## What is required
Your answer should be the lines below from the one with "Merax Mini DVD-R" to the one with "The U.S. Mexico border fence", both included, given again exactly and with nothing added.

## Source information
== Segment start ==

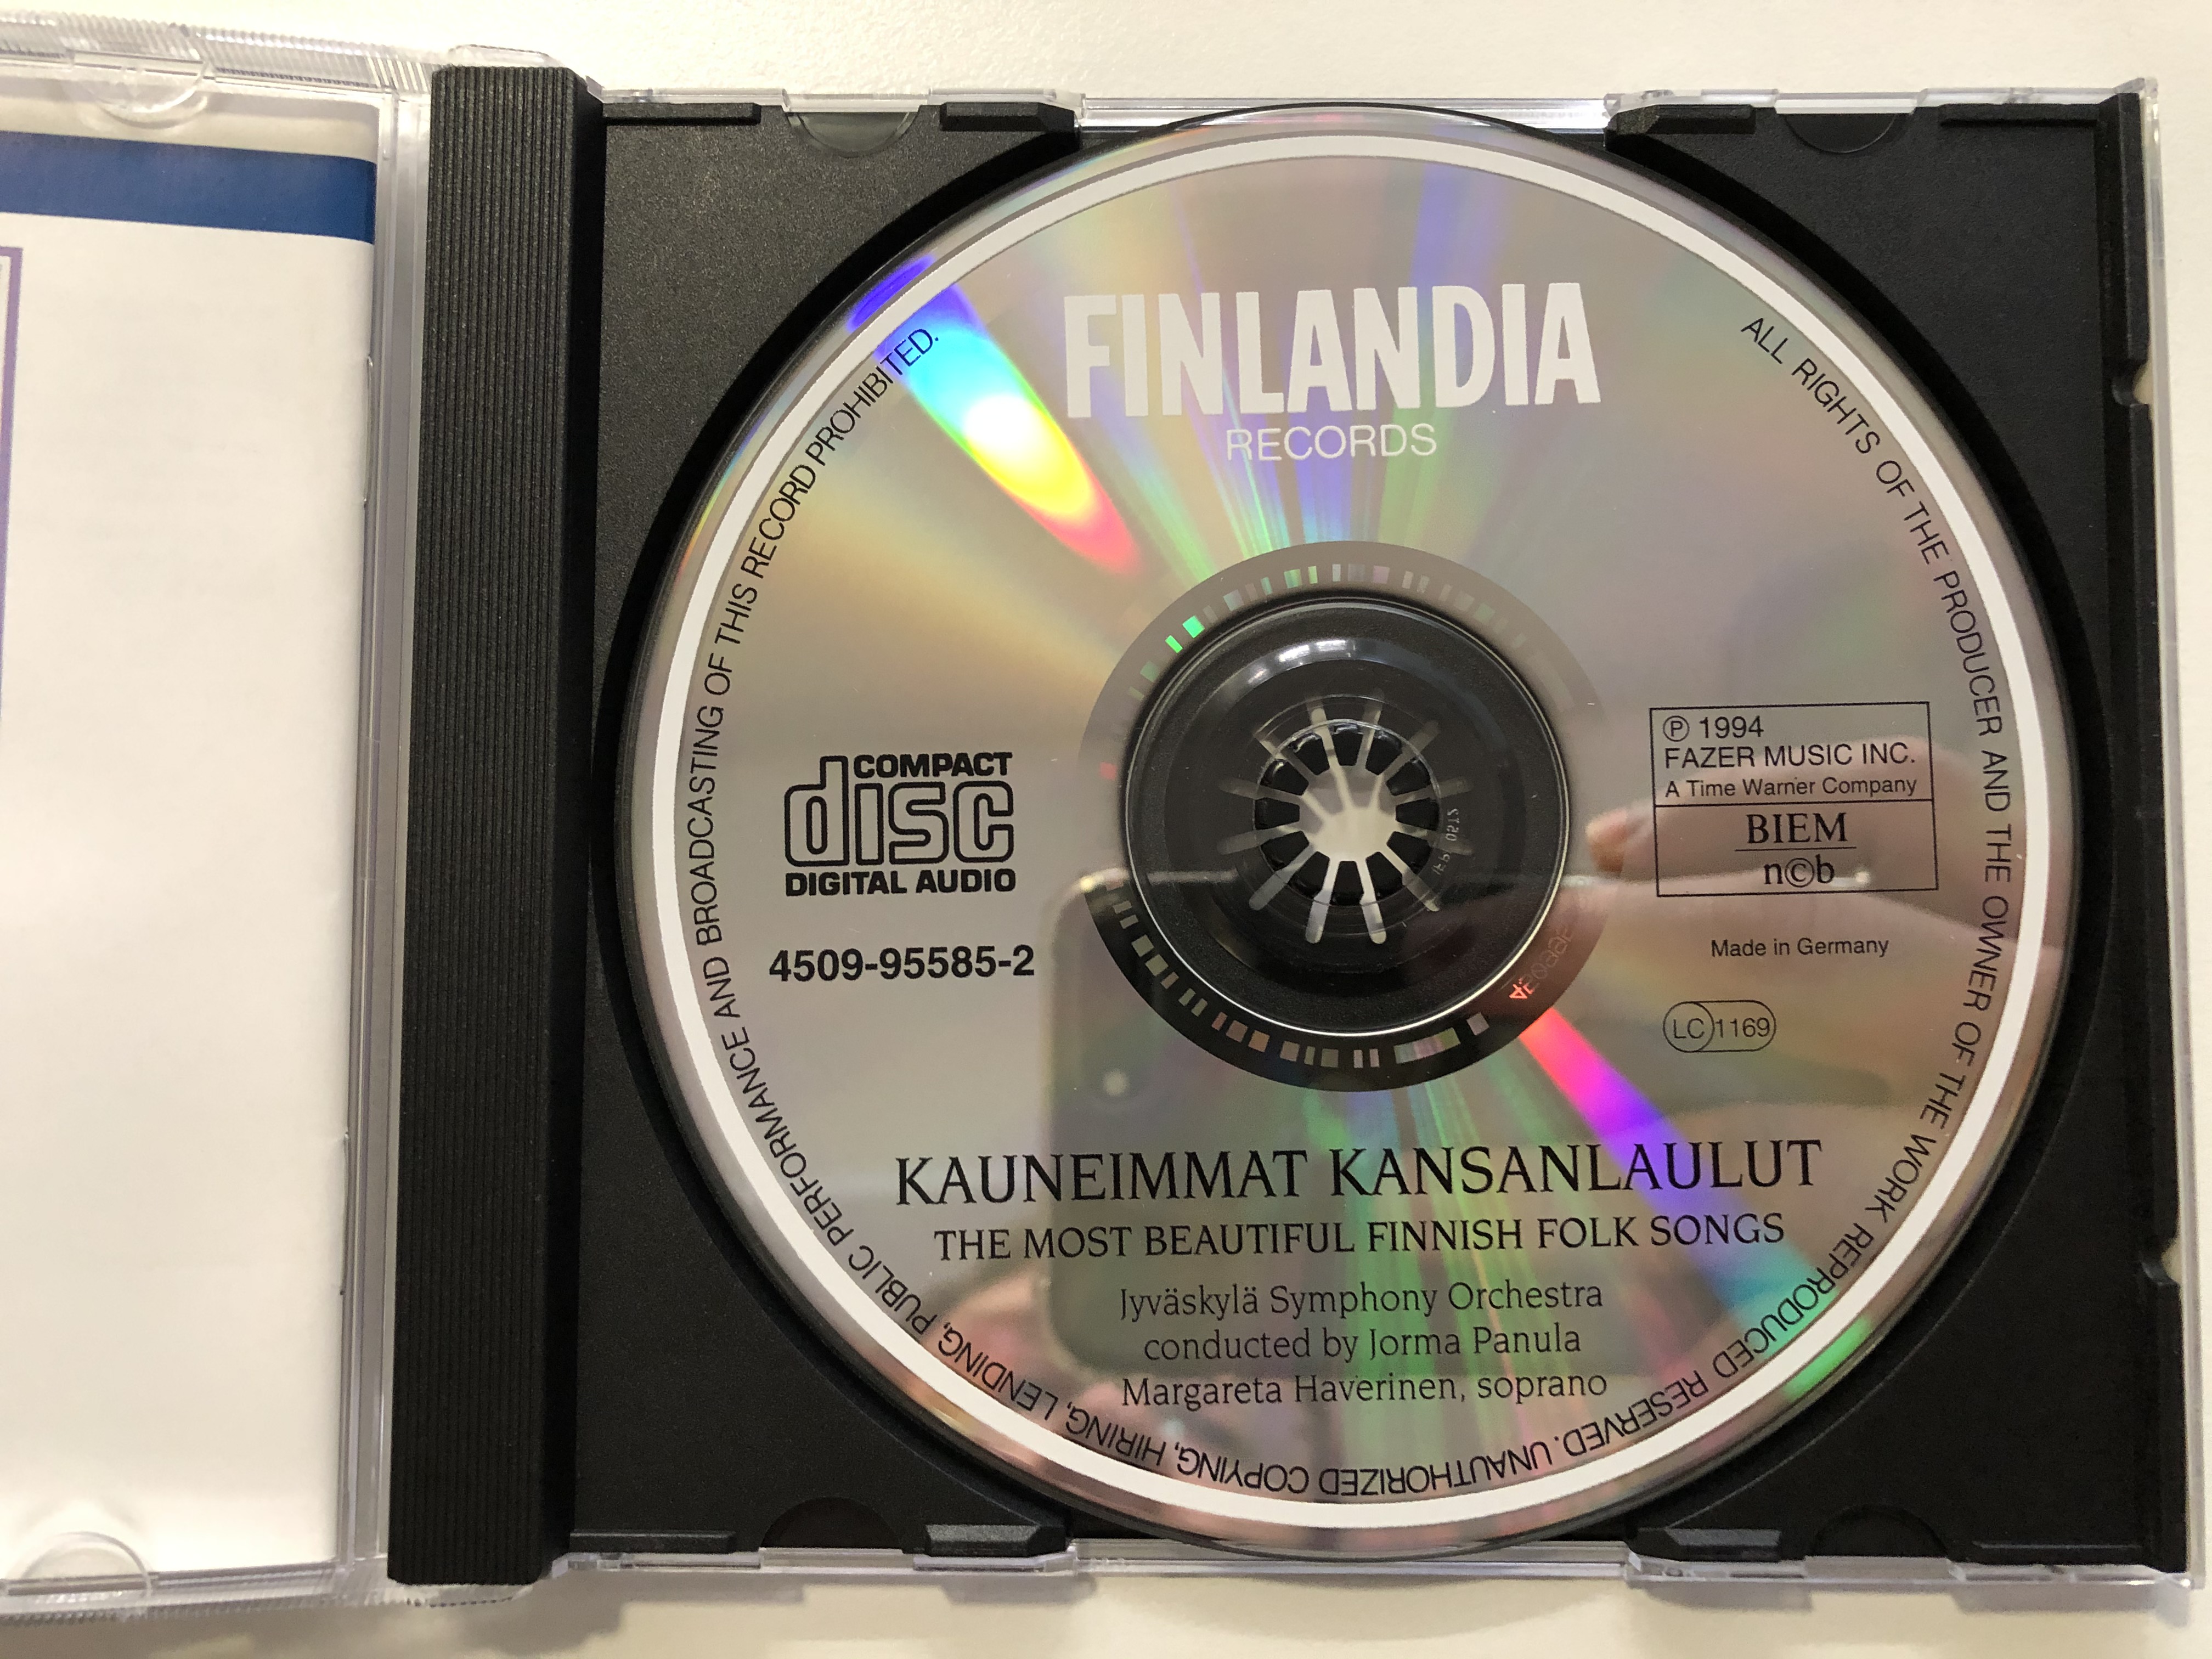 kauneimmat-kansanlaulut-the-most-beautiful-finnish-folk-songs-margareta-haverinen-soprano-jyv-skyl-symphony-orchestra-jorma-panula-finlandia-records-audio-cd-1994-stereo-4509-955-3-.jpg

== Segment end ==
== Segment start ==

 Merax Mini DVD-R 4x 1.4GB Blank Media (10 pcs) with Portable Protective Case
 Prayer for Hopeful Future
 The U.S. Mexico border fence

== Segment end ==

## Answer to the problem
 Merax Mini DVD-R 4x 1.4GB Blank Media (10 pcs) with Portable Protective Case
 Prayer for Hopeful Future
 The U.S. Mexico border fence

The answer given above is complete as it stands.